Courts have upheld an association-in-fact enterprise in which the RICO defendant or
“person” is a corporation and the enterprise consists of the defendant corporation and other members
who are under a contractual obligation with the defendant. See e.g., Hanrahan v. Britt, No. 94-4615,
1995 WL 422840, *7 (E.D. Pa. July 11, 1995) (concluding that Defendant Amway was distinct from
the alleged association-in-fact enterprise consisting of Amway and its network of Amway
distributors); In re: Countrywide Financial Corp. Mortg. Marketing and Sales Practices Litigation,
601 F. Supp.2d 1201, 1212-13 (S.D. Cal. 2009) (finding that Defendant Countrywide and its
organization of mortgage brokers with whom it contracted to sell loans issued by Countrywide
constituted a valid association-in-fact enterprise).

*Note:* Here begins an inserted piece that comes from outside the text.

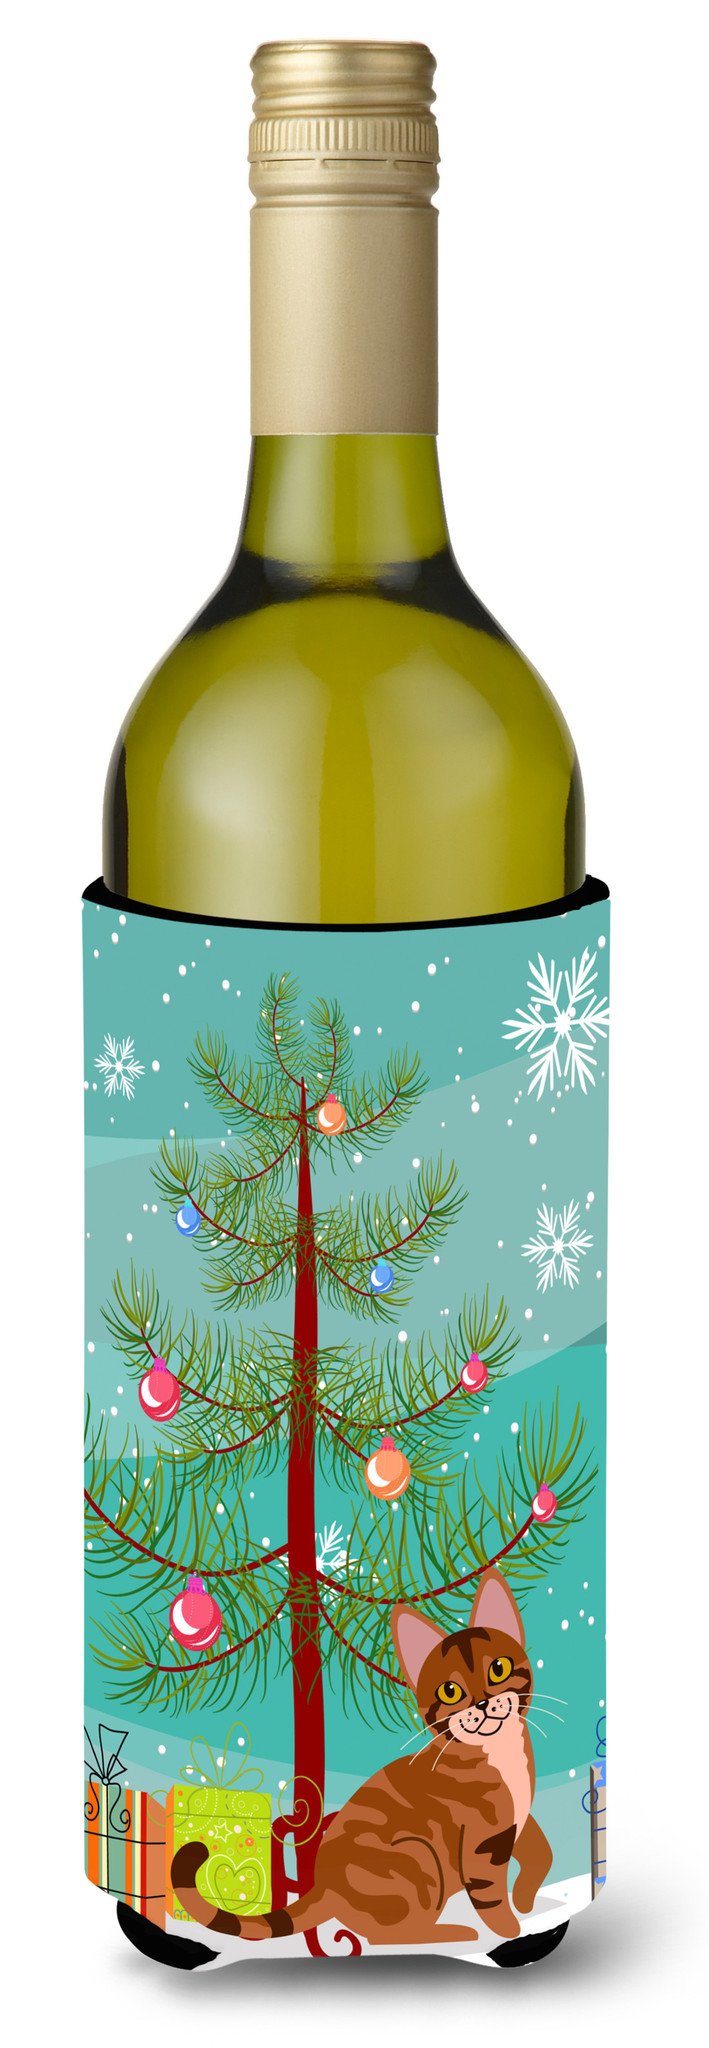 Sokoke Cat Merry Christmas Tree Wine Bottle Beverge Insulator Hugger BB4431LITERK by Caroline's Treasures

In Living Designs, Inc. v. E.I. Dupont de Nemours and Co., plaintiff alleged a RICO
enterprise consisting of manufacturer DuPont, the law firms it employed, and the expert witnesses
the law firm retained in defending numerous products liability actions. 431 F.3d 353, 361 (9th Cir.
2005). Plaintiffs alleged that the RICO “person” was defendant DuPont. Id. The Ninth Circuit
found that there was “no question” that DuPont and the law firms it employed to represent the
company in litigation could constitute an association-in-fact enterprise, and that enterprise was
wholly separate and distinct from the “person” DuPont. Id.
Similarly, in Williams v. Mohawk Indus., Inc., plaintiffs alleged an association-in-fact
enterprise between Defendant Mohawk and third-partyagents used to harbor undocumented workers
and to destroy documentation. 465 F.3d 1277, 1284 (11th Cir. 2006). The Eleventh Circuit found
that Mohawk and its agents formed a valid enterprise distinct from the person, Mohawk corporation.